Takeover Code: What has changed?

13 September 2021. Published by Emily McGregor, Partner

On 5 July 2021, the most significant changes to the Takeover Code (the Code) since 2011 took effect. The changes are intended to standardise the treatment of regulatory clearances and simplify the offer timetable. An overview of the main changes is set out below.

  1. Regulatory clearances

    Conditions relating to competition clearances from the Competition and Markets Authority (CMA) and European Commission are no longer treated differently to other regulatory conditions. 

    As such, a bidder will no longer be able to walk away from an offer automatically simply because there is a "Phase 2" CMA or European Commission reference.  Consistent with the position in respect of other regulatory conditions, a bidder will now need to establish material significance in the context of the offer in order to invoke a relevant competition condition and lapse its bid.

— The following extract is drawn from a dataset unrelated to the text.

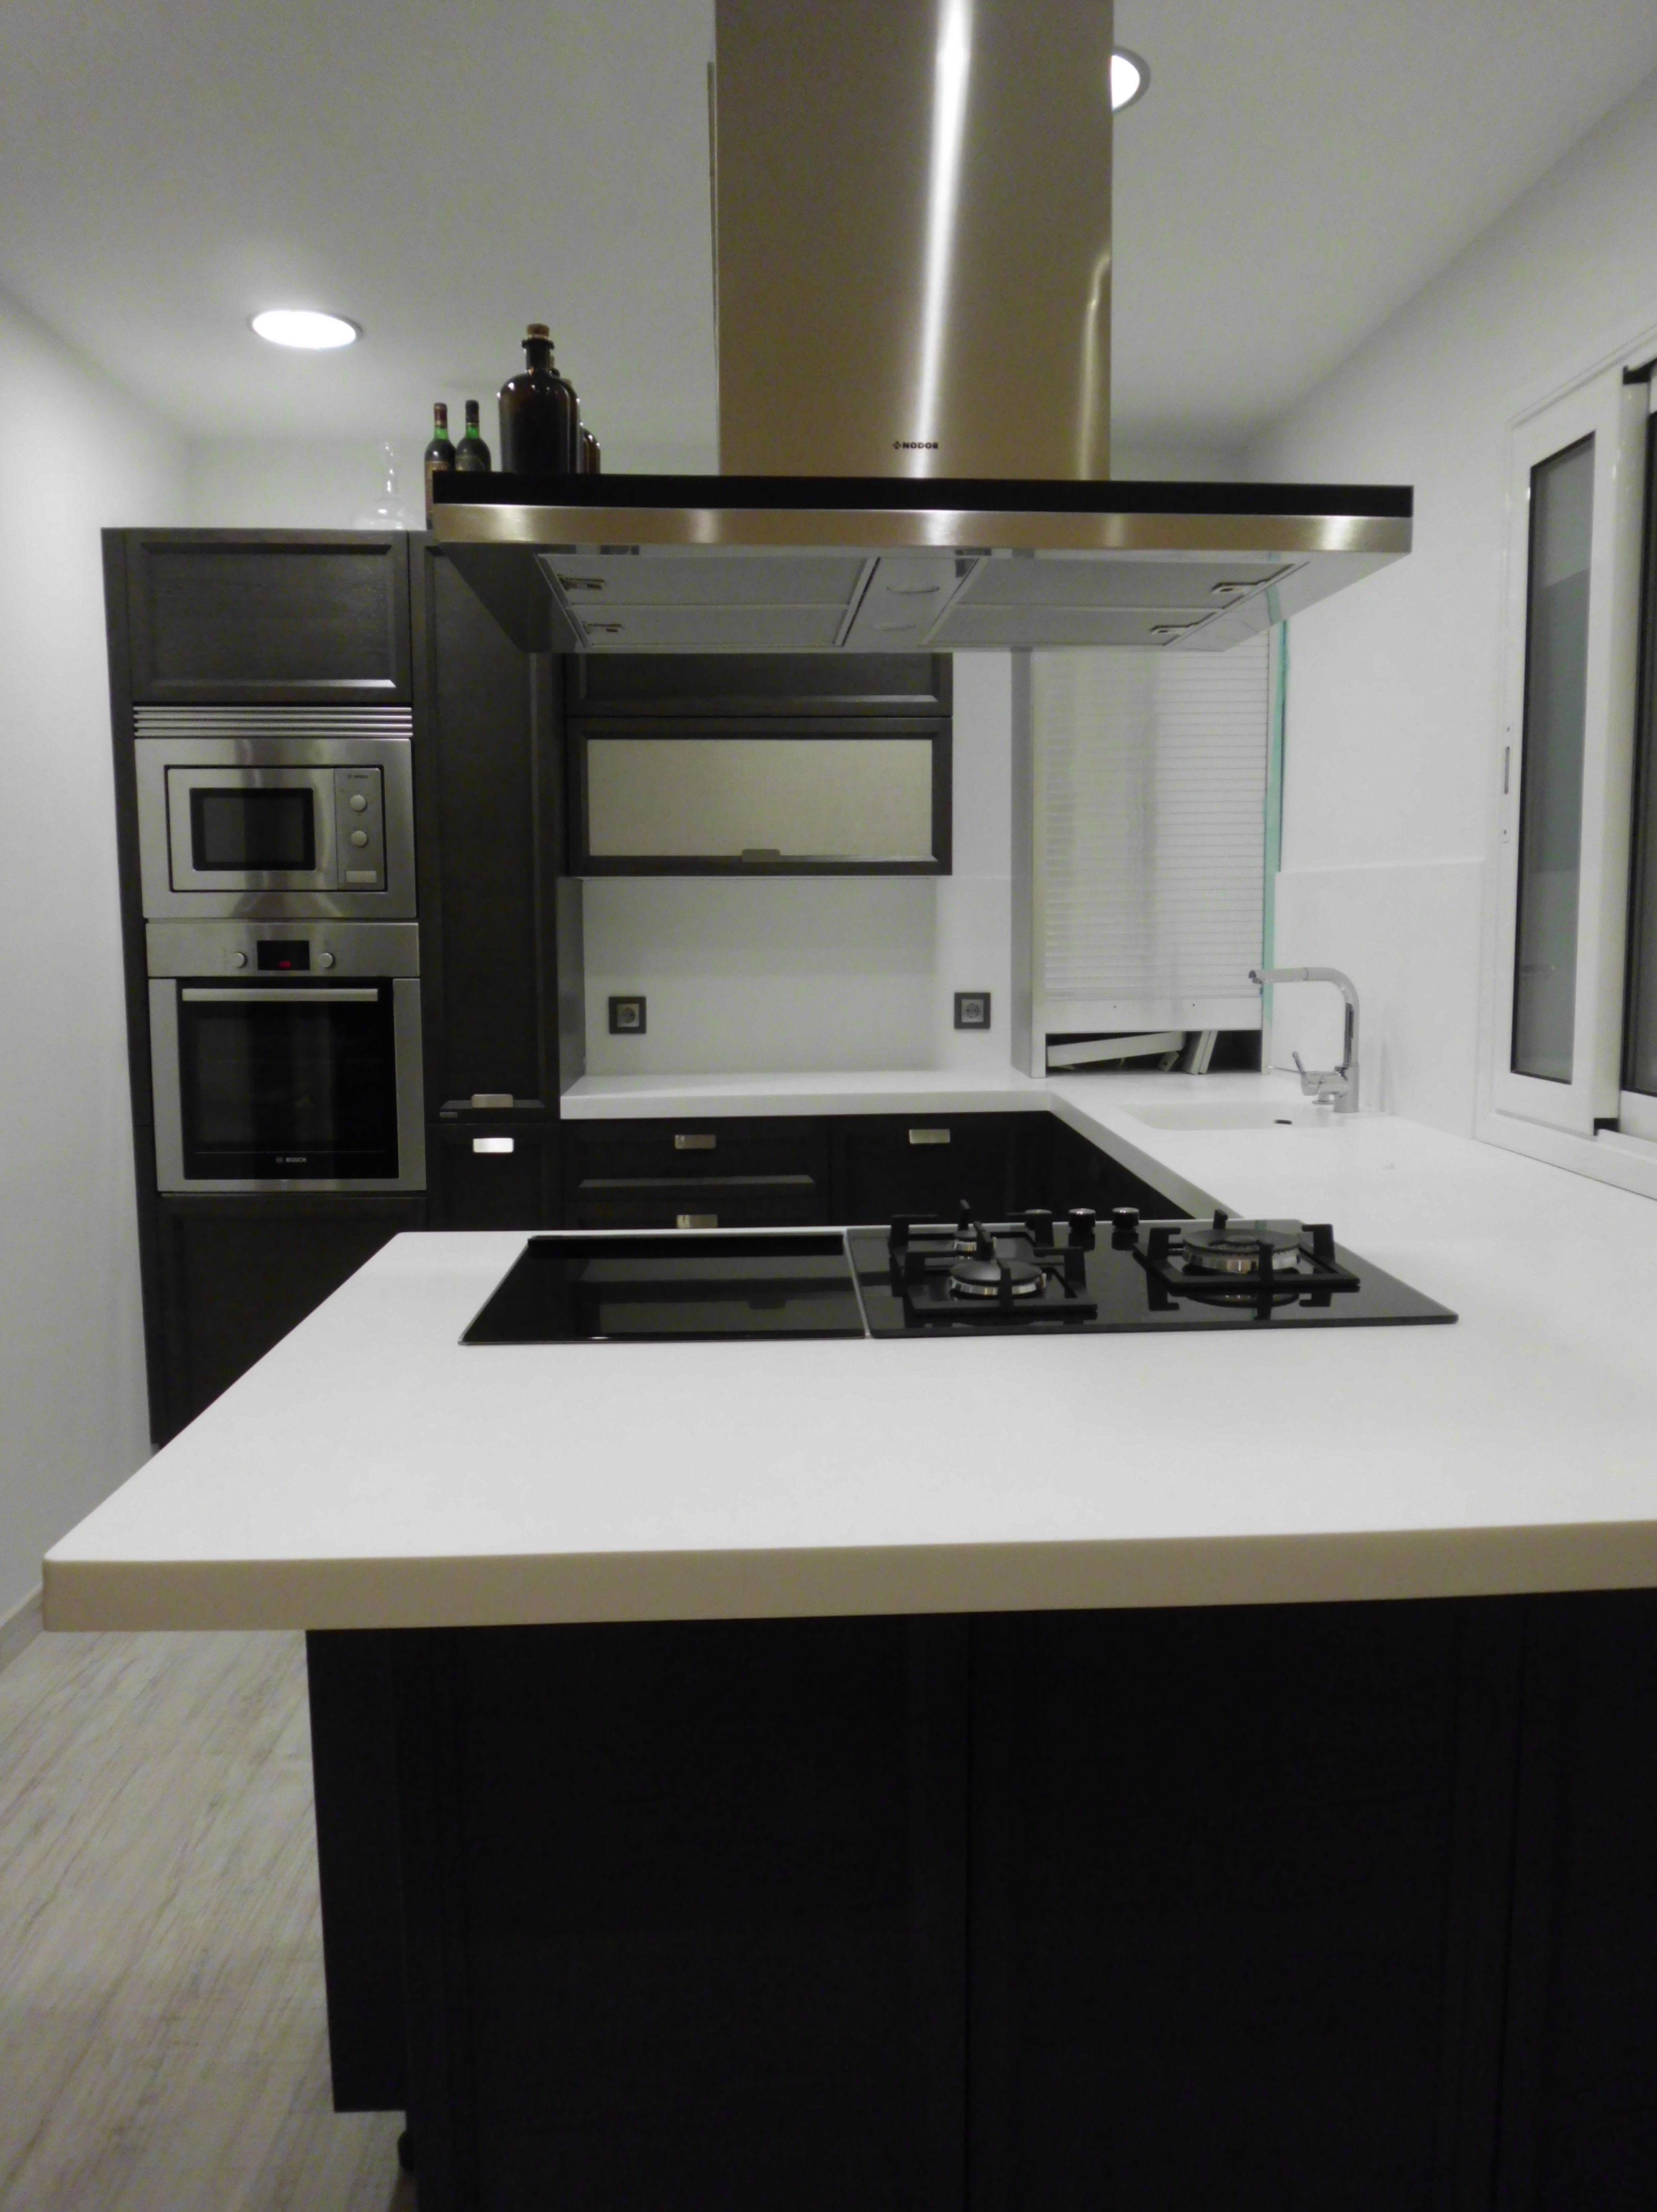 Reforma integral de calidad vivienda \u002D Cocina I (C/Felip II)
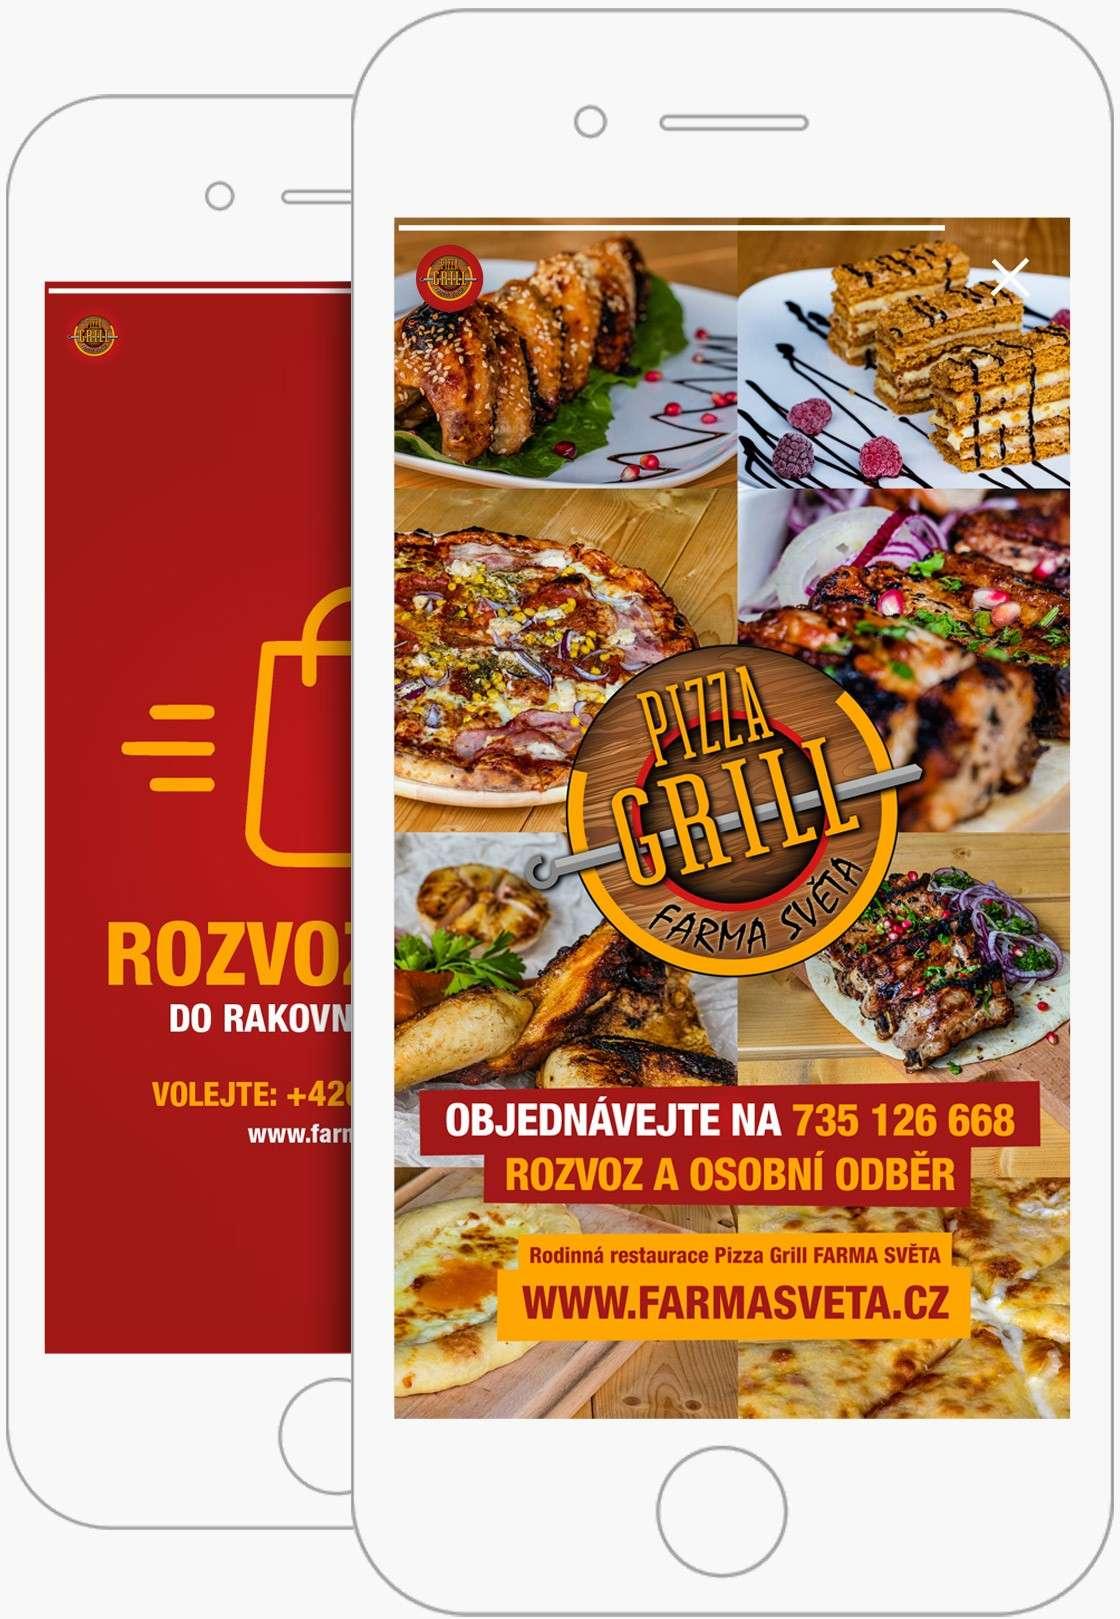 clubadvisor_reference_pizzagrillfarmasveta_on-line-marketing_instagram

    This will make it much more difficult for bidders to withdraw, delay or amend an offer based on UK and European competition conditions.  In turn, there is likely to be greater certainty for target shareholders that announced bids will proceed to completion.

  2. Offer timetable

The revised Code introduces a number of key changes in relation to the timetable for contractual offers:

  • There is now a "single unconditional date" by which all conditions must be satisfied (which is initially set at Day 60 but may be shortened by the bidder making an "acceleration statement"). There is no longer a distinction between the date on which a bid is unconditional as to target shareholder acceptances and the date on which the bid is wholly unconditional.  This is to avoid target shareholders being "locked in" to an offer for a long period after it has become unconditional as to acceptances but before it has become wholly unconditional.
  • The acceptance condition (relating to obtaining the minimum number of acceptances by target shareholders) must now be the last condition to be satisfied. Target shareholders can withdraw their acceptances at any time right up until the end of the offer and will not be locked in pending satisfaction of other conditions (previously, withdrawal was only possible within a prescribed window).
  • There is a new requirement for the bidder to include a "long-stop date" on contractual offers, which is the latest date by which all conditions must be fulfilled.
  • Previously, where the acceptance condition was not reached, the bidder was able to choose whether to extend or lapse its bid without forewarning the target shareholders.  Under the revised Code, if the bidder intends to lapse its bid on the basis of insufficient acceptances, it must give target shareholders 14 days' notice of its intention to do so.  This provides much more certainty for target shareholders and replaces the current system of "closing dates".
  • There are new prescribed dates on which a bidder will be required to announce target shareholder acceptance levels.
  • There is a greater ability to suspend the contractual offer timetable to facilitate regulatory clearances.  This reflects that regulatory processes are on average taking much longer than in previous years and clearances are likely to be required more often, for example under the new UK national security regime (for more information on which, see "National Security and Investment Bill – when will it come into force?").  

This greater flexibility will in practice have the biggest impact on hostile bidders who may have previously struggled to satisfy all conditions within the previous 81 day deadline (which was less of an issue on a recommended offer, where the timetable could normally be extended with consent of the target board).